#### EXERCISE BRIEF:
Return the listing below in full, exactly.
^^^^^^^^^^^^^^^^
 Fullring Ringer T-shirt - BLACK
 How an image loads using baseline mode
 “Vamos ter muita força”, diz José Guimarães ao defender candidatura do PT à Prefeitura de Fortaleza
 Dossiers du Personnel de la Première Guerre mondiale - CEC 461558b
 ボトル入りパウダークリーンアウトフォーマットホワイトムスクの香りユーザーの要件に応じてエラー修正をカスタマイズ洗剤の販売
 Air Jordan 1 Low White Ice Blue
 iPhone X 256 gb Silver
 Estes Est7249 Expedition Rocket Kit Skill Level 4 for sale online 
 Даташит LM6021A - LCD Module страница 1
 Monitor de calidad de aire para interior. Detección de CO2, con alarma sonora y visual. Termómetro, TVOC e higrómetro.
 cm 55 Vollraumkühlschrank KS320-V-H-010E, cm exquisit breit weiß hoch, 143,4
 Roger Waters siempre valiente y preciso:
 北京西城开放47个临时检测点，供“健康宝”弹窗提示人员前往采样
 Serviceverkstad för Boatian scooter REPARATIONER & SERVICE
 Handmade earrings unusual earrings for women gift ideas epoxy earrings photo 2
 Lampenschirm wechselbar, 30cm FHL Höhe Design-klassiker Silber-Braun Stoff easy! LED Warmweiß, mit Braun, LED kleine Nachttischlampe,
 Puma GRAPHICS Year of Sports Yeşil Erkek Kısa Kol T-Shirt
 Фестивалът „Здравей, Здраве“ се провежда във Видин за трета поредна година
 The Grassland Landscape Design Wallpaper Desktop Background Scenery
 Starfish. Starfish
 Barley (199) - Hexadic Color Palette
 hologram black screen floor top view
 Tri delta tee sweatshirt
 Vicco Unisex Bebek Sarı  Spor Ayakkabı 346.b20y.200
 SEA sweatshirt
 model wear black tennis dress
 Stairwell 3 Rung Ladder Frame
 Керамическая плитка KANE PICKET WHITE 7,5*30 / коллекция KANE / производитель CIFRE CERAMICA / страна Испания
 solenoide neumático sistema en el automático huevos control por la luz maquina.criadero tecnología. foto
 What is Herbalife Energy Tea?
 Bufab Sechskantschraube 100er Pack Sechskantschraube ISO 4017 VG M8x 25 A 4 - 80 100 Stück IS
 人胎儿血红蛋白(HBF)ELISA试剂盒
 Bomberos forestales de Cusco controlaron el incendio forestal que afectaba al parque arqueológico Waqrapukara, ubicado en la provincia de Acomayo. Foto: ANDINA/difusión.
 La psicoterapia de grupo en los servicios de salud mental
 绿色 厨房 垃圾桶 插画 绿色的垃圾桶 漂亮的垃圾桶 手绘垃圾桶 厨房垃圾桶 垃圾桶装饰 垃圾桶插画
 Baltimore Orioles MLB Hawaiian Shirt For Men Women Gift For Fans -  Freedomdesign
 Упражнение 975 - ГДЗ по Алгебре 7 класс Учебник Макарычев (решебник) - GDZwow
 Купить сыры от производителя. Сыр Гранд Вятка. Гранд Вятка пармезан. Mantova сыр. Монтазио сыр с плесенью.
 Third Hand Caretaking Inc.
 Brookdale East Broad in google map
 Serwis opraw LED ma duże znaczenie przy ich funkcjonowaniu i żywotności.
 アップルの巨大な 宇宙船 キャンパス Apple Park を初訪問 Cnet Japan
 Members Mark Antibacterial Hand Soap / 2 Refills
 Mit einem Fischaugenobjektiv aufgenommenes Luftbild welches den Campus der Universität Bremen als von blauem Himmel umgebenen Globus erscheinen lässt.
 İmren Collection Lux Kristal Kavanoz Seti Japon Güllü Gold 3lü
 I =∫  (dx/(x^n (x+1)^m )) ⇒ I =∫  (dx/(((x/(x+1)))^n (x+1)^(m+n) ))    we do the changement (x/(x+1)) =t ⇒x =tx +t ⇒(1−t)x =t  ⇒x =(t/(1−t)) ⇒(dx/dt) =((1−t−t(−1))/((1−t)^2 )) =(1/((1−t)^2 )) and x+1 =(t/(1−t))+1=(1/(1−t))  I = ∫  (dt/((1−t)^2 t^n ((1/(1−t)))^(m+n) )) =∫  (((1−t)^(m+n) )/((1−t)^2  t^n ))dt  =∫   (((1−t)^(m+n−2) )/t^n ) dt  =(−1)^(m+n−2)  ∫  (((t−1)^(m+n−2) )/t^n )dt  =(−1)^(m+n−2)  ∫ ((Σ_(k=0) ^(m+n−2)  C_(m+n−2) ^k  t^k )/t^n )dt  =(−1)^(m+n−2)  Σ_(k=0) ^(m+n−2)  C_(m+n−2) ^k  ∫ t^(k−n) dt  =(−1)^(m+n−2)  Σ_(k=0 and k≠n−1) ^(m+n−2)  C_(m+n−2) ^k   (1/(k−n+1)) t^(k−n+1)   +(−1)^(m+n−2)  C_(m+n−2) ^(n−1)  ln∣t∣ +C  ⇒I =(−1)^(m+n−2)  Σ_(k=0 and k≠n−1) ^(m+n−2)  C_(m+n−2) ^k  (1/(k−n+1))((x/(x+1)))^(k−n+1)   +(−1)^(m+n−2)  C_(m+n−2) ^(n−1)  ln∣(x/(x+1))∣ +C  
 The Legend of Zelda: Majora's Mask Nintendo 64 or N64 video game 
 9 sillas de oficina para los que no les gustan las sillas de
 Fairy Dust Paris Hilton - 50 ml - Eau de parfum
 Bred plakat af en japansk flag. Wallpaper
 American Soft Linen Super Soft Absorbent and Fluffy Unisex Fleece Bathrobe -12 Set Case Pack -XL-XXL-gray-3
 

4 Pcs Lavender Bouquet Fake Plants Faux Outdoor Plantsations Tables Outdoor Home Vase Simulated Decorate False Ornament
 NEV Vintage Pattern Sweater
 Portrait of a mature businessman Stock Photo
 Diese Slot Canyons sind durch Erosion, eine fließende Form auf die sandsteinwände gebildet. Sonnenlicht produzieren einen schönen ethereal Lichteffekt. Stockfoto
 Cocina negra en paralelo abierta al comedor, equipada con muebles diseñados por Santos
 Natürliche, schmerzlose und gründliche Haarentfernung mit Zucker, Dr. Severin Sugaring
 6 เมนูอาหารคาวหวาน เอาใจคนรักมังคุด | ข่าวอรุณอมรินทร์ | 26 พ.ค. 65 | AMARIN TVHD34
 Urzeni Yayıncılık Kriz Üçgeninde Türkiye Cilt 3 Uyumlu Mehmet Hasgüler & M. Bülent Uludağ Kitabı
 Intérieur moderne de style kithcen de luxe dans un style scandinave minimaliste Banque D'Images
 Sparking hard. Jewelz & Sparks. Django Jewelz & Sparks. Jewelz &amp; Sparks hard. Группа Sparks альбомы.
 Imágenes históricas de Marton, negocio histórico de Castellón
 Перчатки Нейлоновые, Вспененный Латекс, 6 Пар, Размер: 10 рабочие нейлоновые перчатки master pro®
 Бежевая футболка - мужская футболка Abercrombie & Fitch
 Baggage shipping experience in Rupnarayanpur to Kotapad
^^^^^^^^^^^^^^^^
#### YOUR SOLUTION:
 Fullring Ringer T-shirt - BLACK
 How an image loads using baseline mode
 “Vamos ter muita força”, diz José Guimarães ao defender candidatura do PT à Prefeitura de Fortaleza
 Dossiers du Personnel de la Première Guerre mondiale - CEC 461558b
 ボトル入りパウダークリーンアウトフォーマットホワイトムスクの香りユーザーの要件に応じてエラー修正をカスタマイズ洗剤の販売
 Air Jordan 1 Low White Ice Blue
 iPhone X 256 gb Silver
 Estes Est7249 Expedition Rocket Kit Skill Level 4 for sale online 
 Даташит LM6021A - LCD Module страница 1
 Monitor de calidad de aire para interior. Detección de CO2, con alarma sonora y visual. Termómetro, TVOC e higrómetro.
 cm 55 Vollraumkühlschrank KS320-V-H-010E, cm exquisit breit weiß hoch, 143,4
 Roger Waters siempre valiente y preciso:
 北京西城开放47个临时检测点，供“健康宝”弹窗提示人员前往采样
 Serviceverkstad för Boatian scooter REPARATIONER & SERVICE
 Handmade earrings unusual earrings for women gift ideas epoxy earrings photo 2
 Lampenschirm wechselbar, 30cm FHL Höhe Design-klassiker Silber-Braun Stoff easy! LED Warmweiß, mit Braun, LED kleine Nachttischlampe,
 Puma GRAPHICS Year of Sports Yeşil Erkek Kısa Kol T-Shirt
 Фестивалът „Здравей, Здраве“ се провежда във Видин за трета поредна година
 The Grassland Landscape Design Wallpaper Desktop Background Scenery
 Starfish. Starfish
 Barley (199) - Hexadic Color Palette
 hologram black screen floor top view
 Tri delta tee sweatshirt
 Vicco Unisex Bebek Sarı  Spor Ayakkabı 346.b20y.200
 SEA sweatshirt
 model wear black tennis dress
 Stairwell 3 Rung Ladder Frame
 Керамическая плитка KANE PICKET WHITE 7,5*30 / коллекция KANE / производитель CIFRE CERAMICA / страна Испания
 solenoide neumático sistema en el automático huevos control por la luz maquina.criadero tecnología. foto
 What is Herbalife Energy Tea?
 Bufab Sechskantschraube 100er Pack Sechskantschraube ISO 4017 VG M8x 25 A 4 - 80 100 Stück IS
 人胎儿血红蛋白(HBF)ELISA试剂盒
 Bomberos forestales de Cusco controlaron el incendio forestal que afectaba al parque arqueológico Waqrapukara, ubicado en la provincia de Acomayo. Foto: ANDINA/difusión.
 La psicoterapia de grupo en los servicios de salud mental
 绿色 厨房 垃圾桶 插画 绿色的垃圾桶 漂亮的垃圾桶 手绘垃圾桶 厨房垃圾桶 垃圾桶装饰 垃圾桶插画
 Baltimore Orioles MLB Hawaiian Shirt For Men Women Gift For Fans -  Freedomdesign
 Упражнение 975 - ГДЗ по Алгебре 7 класс Учебник Макарычев (решебник) - GDZwow
 Купить сыры от производителя. Сыр Гранд Вятка. Гранд Вятка пармезан. Mantova сыр. Монтазио сыр с плесенью.
 Third Hand Caretaking Inc.
 Brookdale East Broad in google map
 Serwis opraw LED ma duże znaczenie przy ich funkcjonowaniu i żywotności.
 アップルの巨大な 宇宙船 キャンパス Apple Park を初訪問 Cnet Japan
 Members Mark Antibacterial Hand Soap / 2 Refills
 Mit einem Fischaugenobjektiv aufgenommenes Luftbild welches den Campus der Universität Bremen als von blauem Himmel umgebenen Globus erscheinen lässt.
 İmren Collection Lux Kristal Kavanoz Seti Japon Güllü Gold 3lü
 I =∫  (dx/(x^n (x+1)^m )) ⇒ I =∫  (dx/(((x/(x+1)))^n (x+1)^(m+n) ))    we do the changement (x/(x+1)) =t ⇒x =tx +t ⇒(1−t)x =t  ⇒x =(t/(1−t)) ⇒(dx/dt) =((1−t−t(−1))/((1−t)^2 )) =(1/((1−t)^2 )) and x+1 =(t/(1−t))+1=(1/(1−t))  I = ∫  (dt/((1−t)^2 t^n ((1/(1−t)))^(m+n) )) =∫  (((1−t)^(m+n) )/((1−t)^2  t^n ))dt  =∫   (((1−t)^(m+n−2) )/t^n ) dt  =(−1)^(m+n−2)  ∫  (((t−1)^(m+n−2) )/t^n )dt  =(−1)^(m+n−2)  ∫ ((Σ_(k=0) ^(m+n−2)  C_(m+n−2) ^k  t^k )/t^n )dt  =(−1)^(m+n−2)  Σ_(k=0) ^(m+n−2)  C_(m+n−2) ^k  ∫ t^(k−n) dt  =(−1)^(m+n−2)  Σ_(k=0 and k≠n−1) ^(m+n−2)  C_(m+n−2) ^k   (1/(k−n+1)) t^(k−n+1)   +(−1)^(m+n−2)  C_(m+n−2) ^(n−1)  ln∣t∣ +C  ⇒I =(−1)^(m+n−2)  Σ_(k=0 and k≠n−1) ^(m+n−2)  C_(m+n−2) ^k  (1/(k−n+1))((x/(x+1)))^(k−n+1)   +(−1)^(m+n−2)  C_(m+n−2) ^(n−1)  ln∣(x/(x+1))∣ +C  
 The Legend of Zelda: Majora's Mask Nintendo 64 or N64 video game 
 9 sillas de oficina para los que no les gustan las sillas de
 Fairy Dust Paris Hilton - 50 ml - Eau de parfum
 Bred plakat af en japansk flag. Wallpaper
 American Soft Linen Super Soft Absorbent and Fluffy Unisex Fleece Bathrobe -12 Set Case Pack -XL-XXL-gray-3
 

4 Pcs Lavender Bouquet Fake Plants Faux Outdoor Plantsations Tables Outdoor Home Vase Simulated Decorate False Ornament
 NEV Vintage Pattern Sweater
 Portrait of a mature businessman Stock Photo
 Diese Slot Canyons sind durch Erosion, eine fließende Form auf die sandsteinwände gebildet. Sonnenlicht produzieren einen schönen ethereal Lichteffekt. Stockfoto
 Cocina negra en paralelo abierta al comedor, equipada con muebles diseñados por Santos
 Natürliche, schmerzlose und gründliche Haarentfernung mit Zucker, Dr. Severin Sugaring
 6 เมนูอาหารคาวหวาน เอาใจคนรักมังคุด | ข่าวอรุณอมรินทร์ | 26 พ.ค. 65 | AMARIN TVHD34
 Urzeni Yayıncılık Kriz Üçgeninde Türkiye Cilt 3 Uyumlu Mehmet Hasgüler & M. Bülent Uludağ Kitabı
 Intérieur moderne de style kithcen de luxe dans un style scandinave minimaliste Banque D'Images
 Sparking hard. Jewelz & Sparks. Django Jewelz & Sparks. Jewelz &amp; Sparks hard. Группа Sparks альбомы.
 Imágenes históricas de Marton, negocio histórico de Castellón
 Перчатки Нейлоновые, Вспененный Латекс, 6 Пар, Размер: 10 рабочие нейлоновые перчатки master pro®
 Бежевая футболка - мужская футболка Abercrombie & Fitch
 Baggage shipping experience in Rupnarayanpur to Kotapad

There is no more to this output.